Task instructions >> For this exercise, restate word for word only the lines from the one containing "This satellite image" through the last line below. Pictures do not get copied.

Raw data >>
========
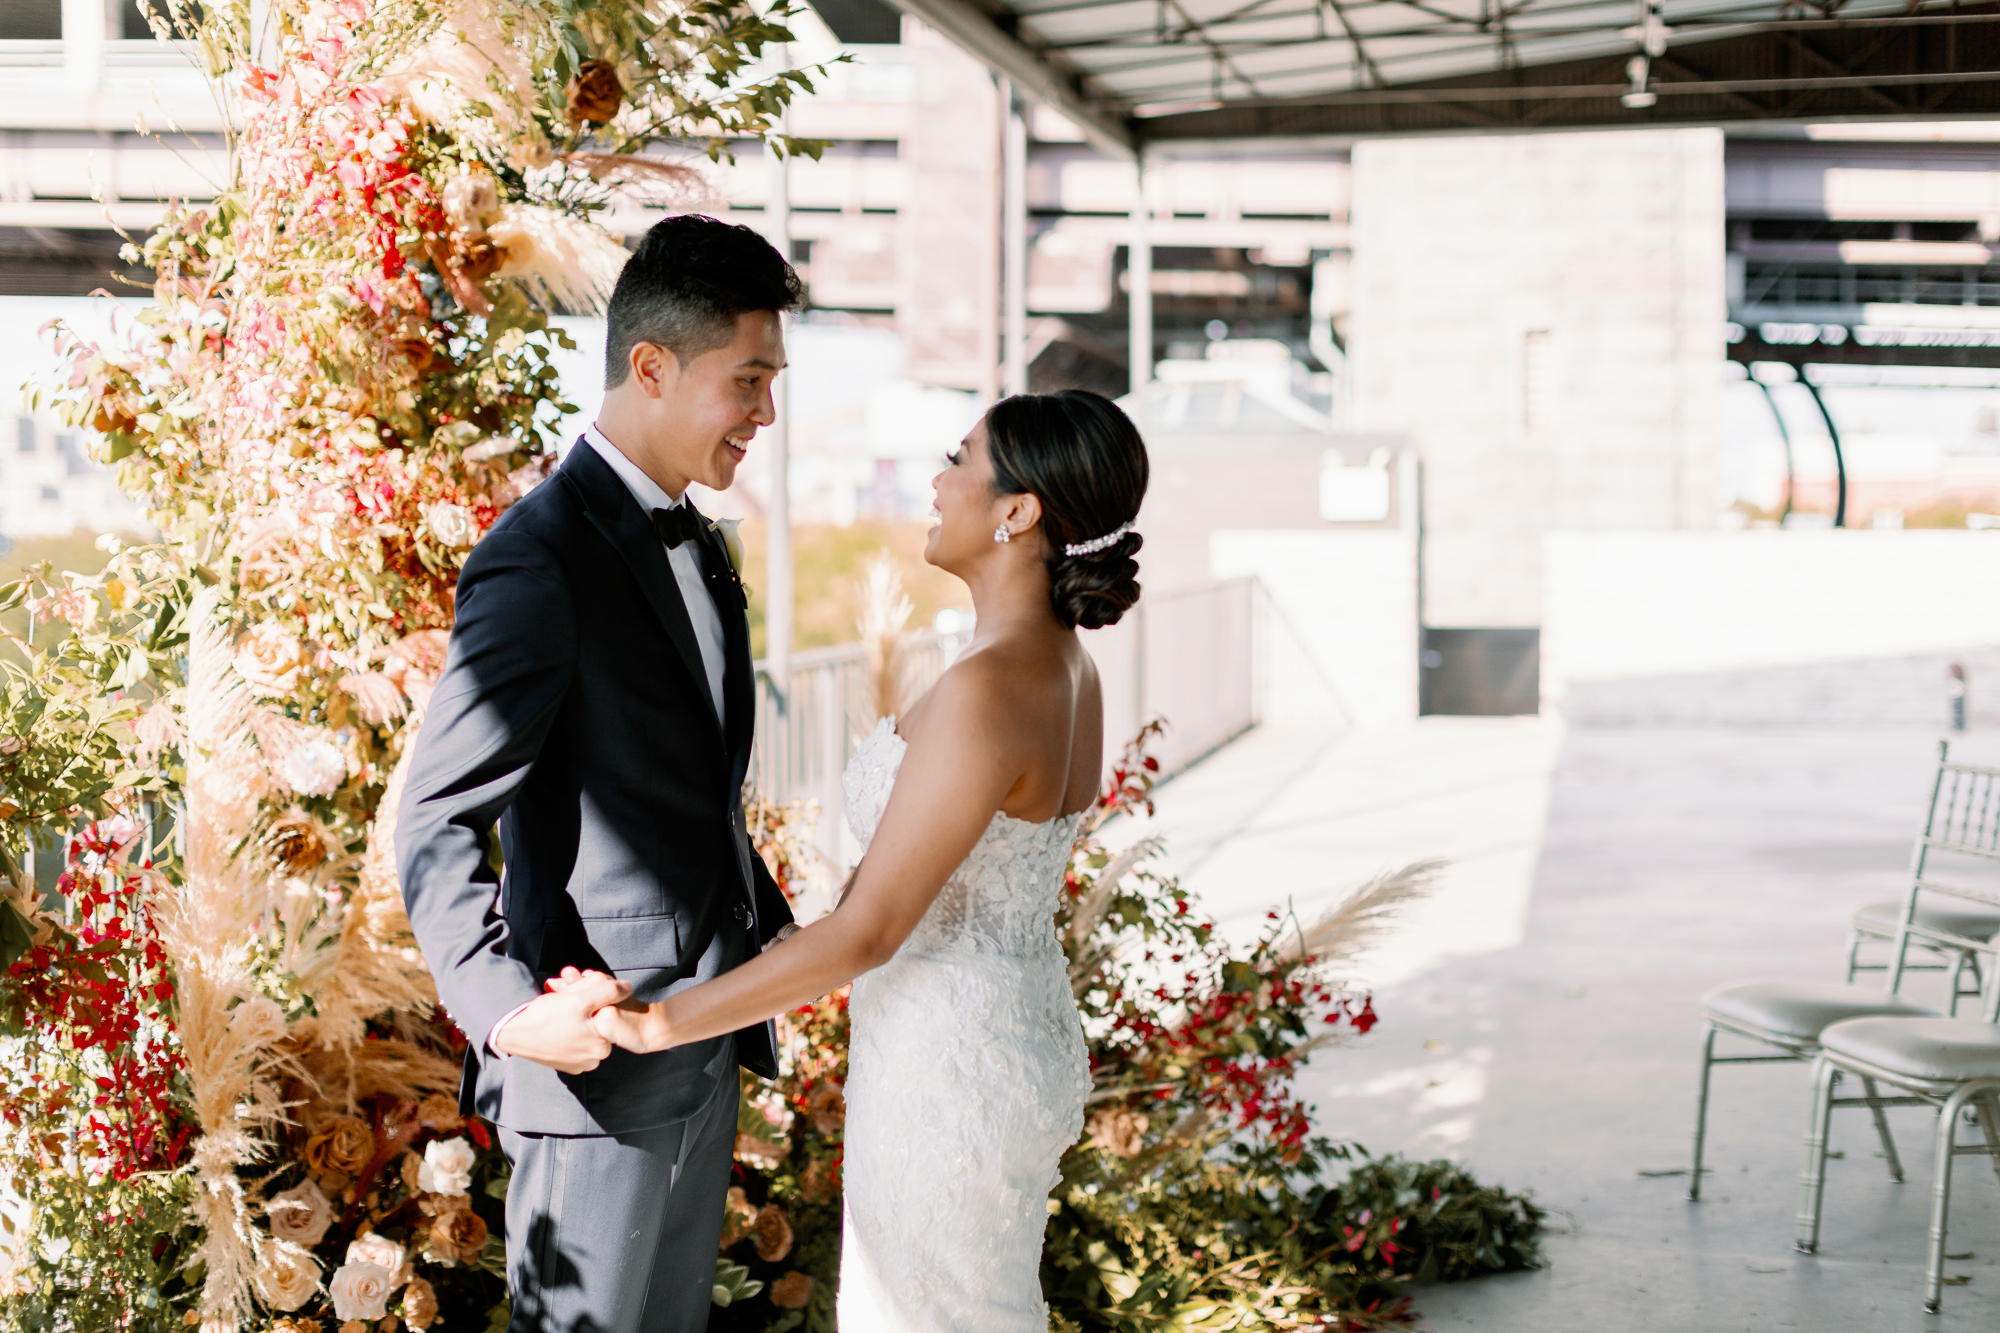 Ravel Hotel wedding with floral arch
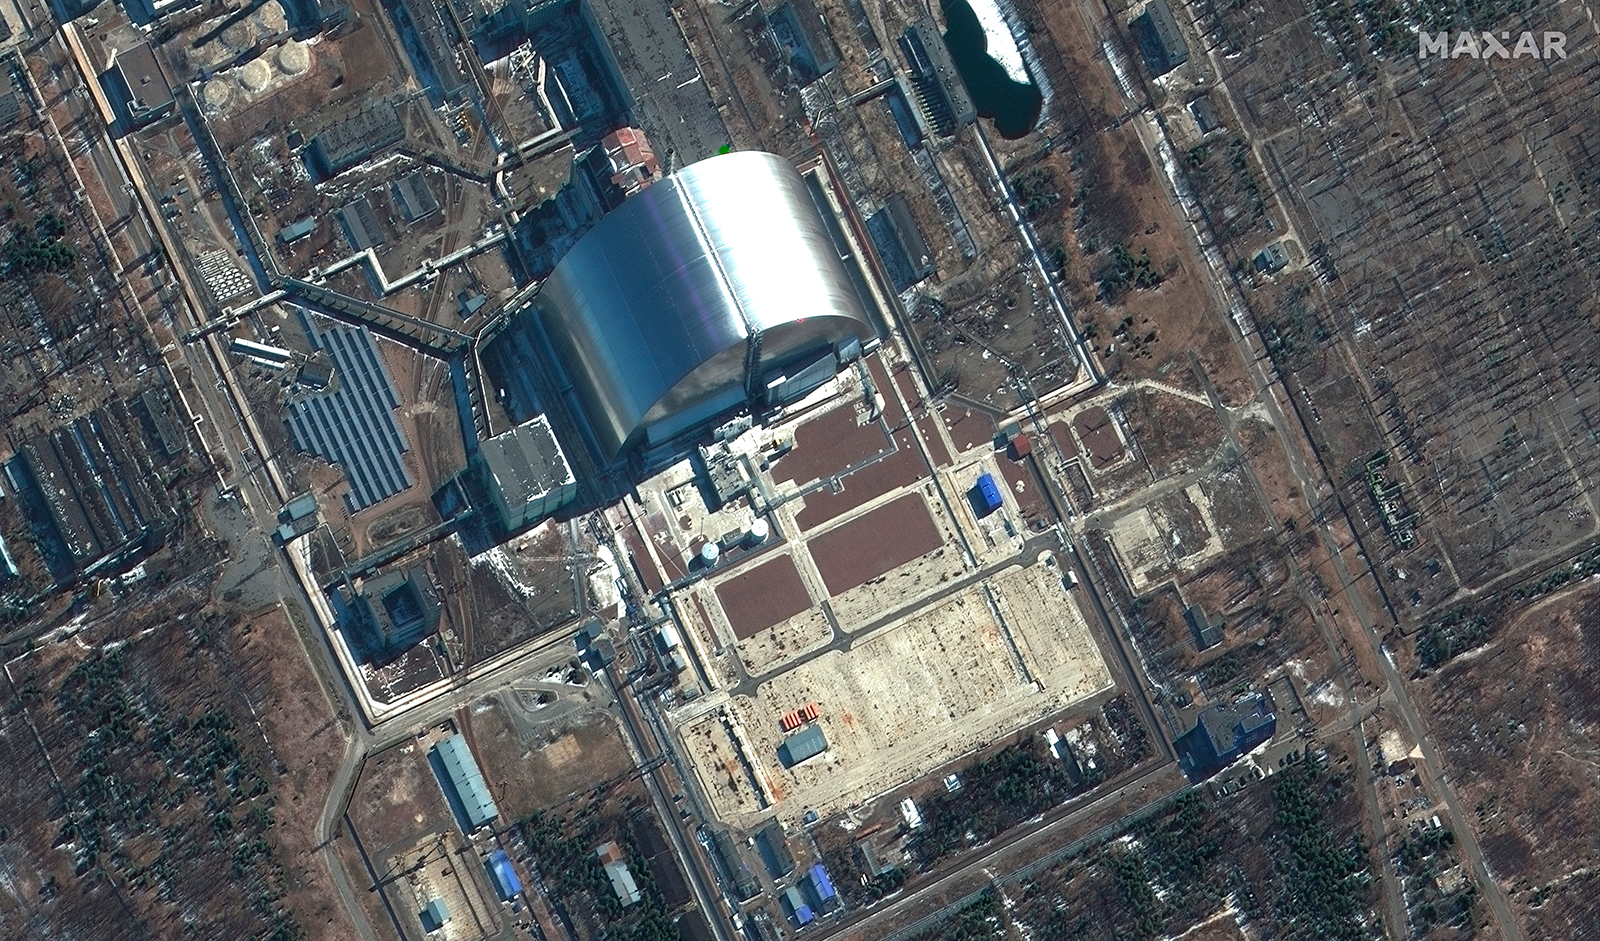 This satellite image provided by Maxar Technologies shows a close view of Chernobyl nuclear facilities, Ukraine, on Thursday, March 10.
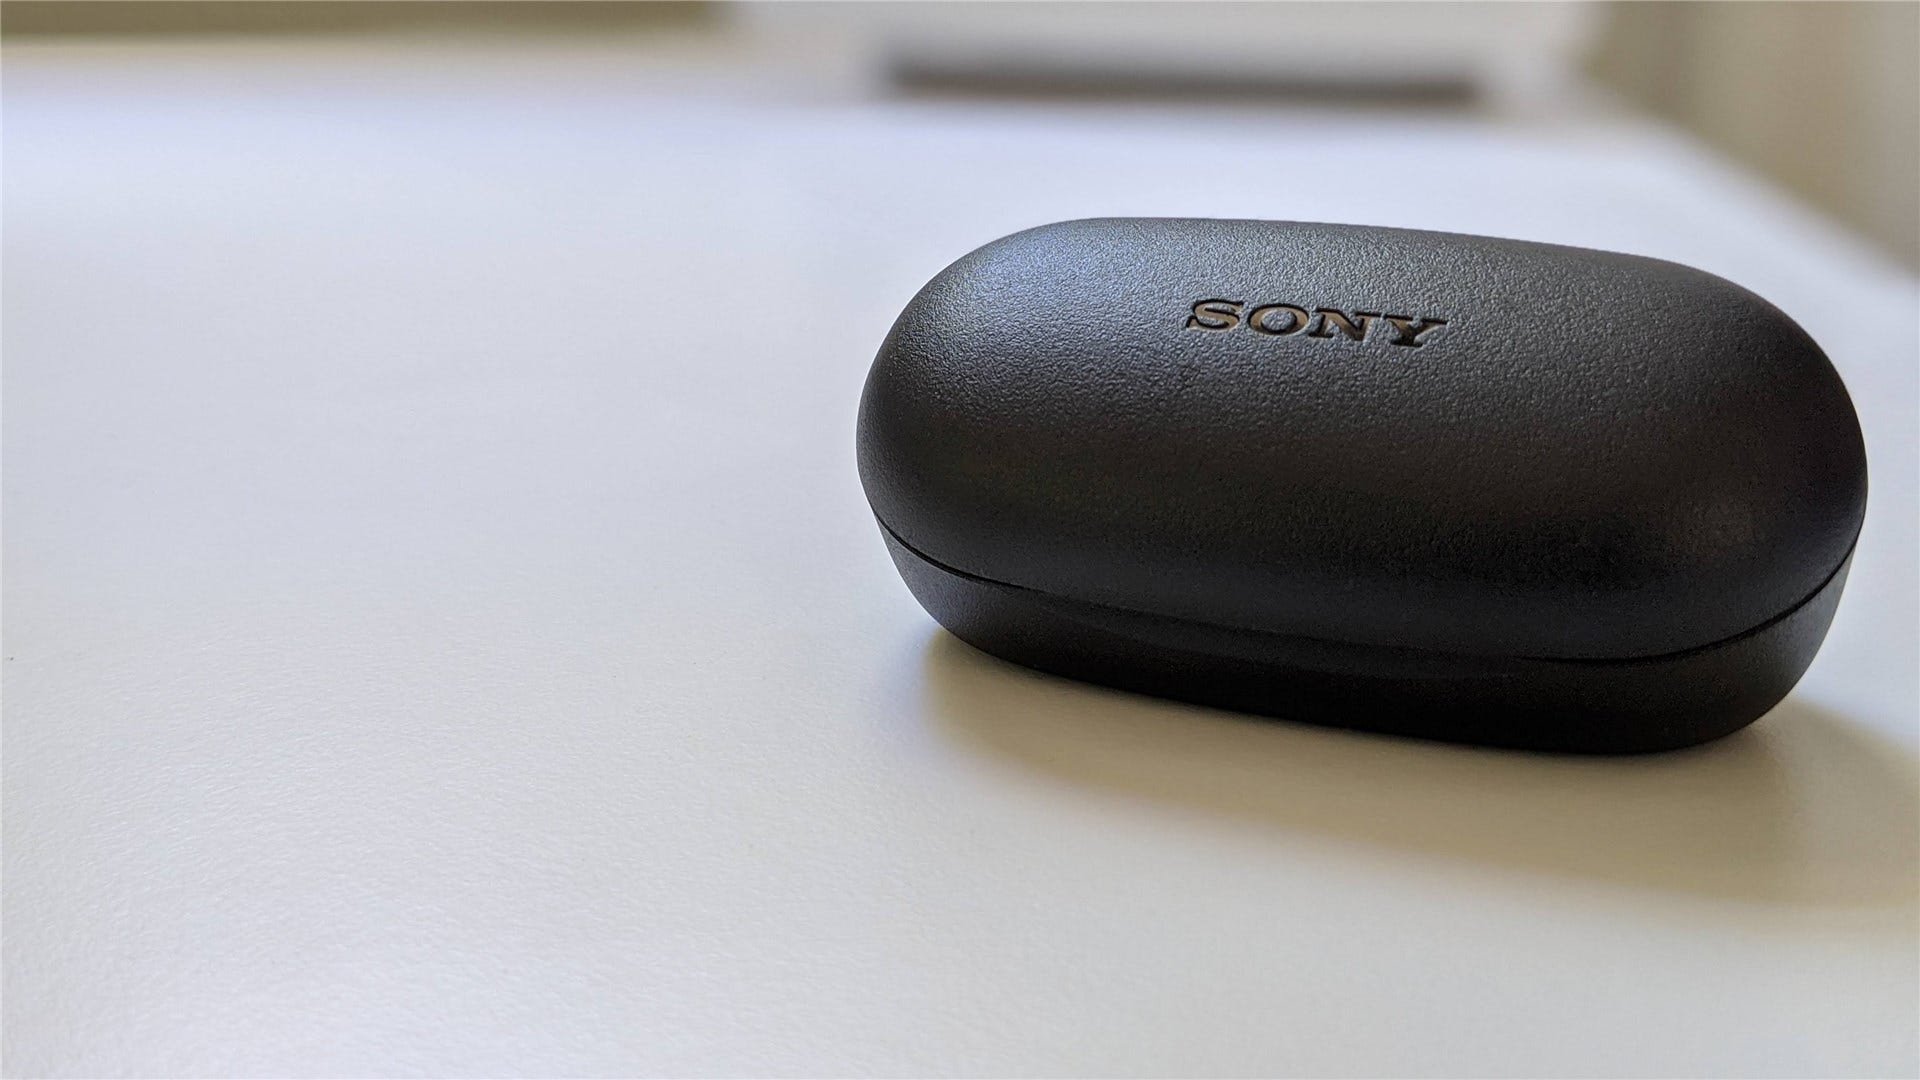 Sony’s Upcoming WF-1000XM4 Earbuds Leak, Showing More Modern Design
========
Task output >>
 This satellite image provided by Maxar Technologies shows a close view of Chernobyl nuclear facilities, Ukraine, on Thursday, March 10.
 Sony’s Upcoming WF-1000XM4 Earbuds Leak, Showing More Modern Design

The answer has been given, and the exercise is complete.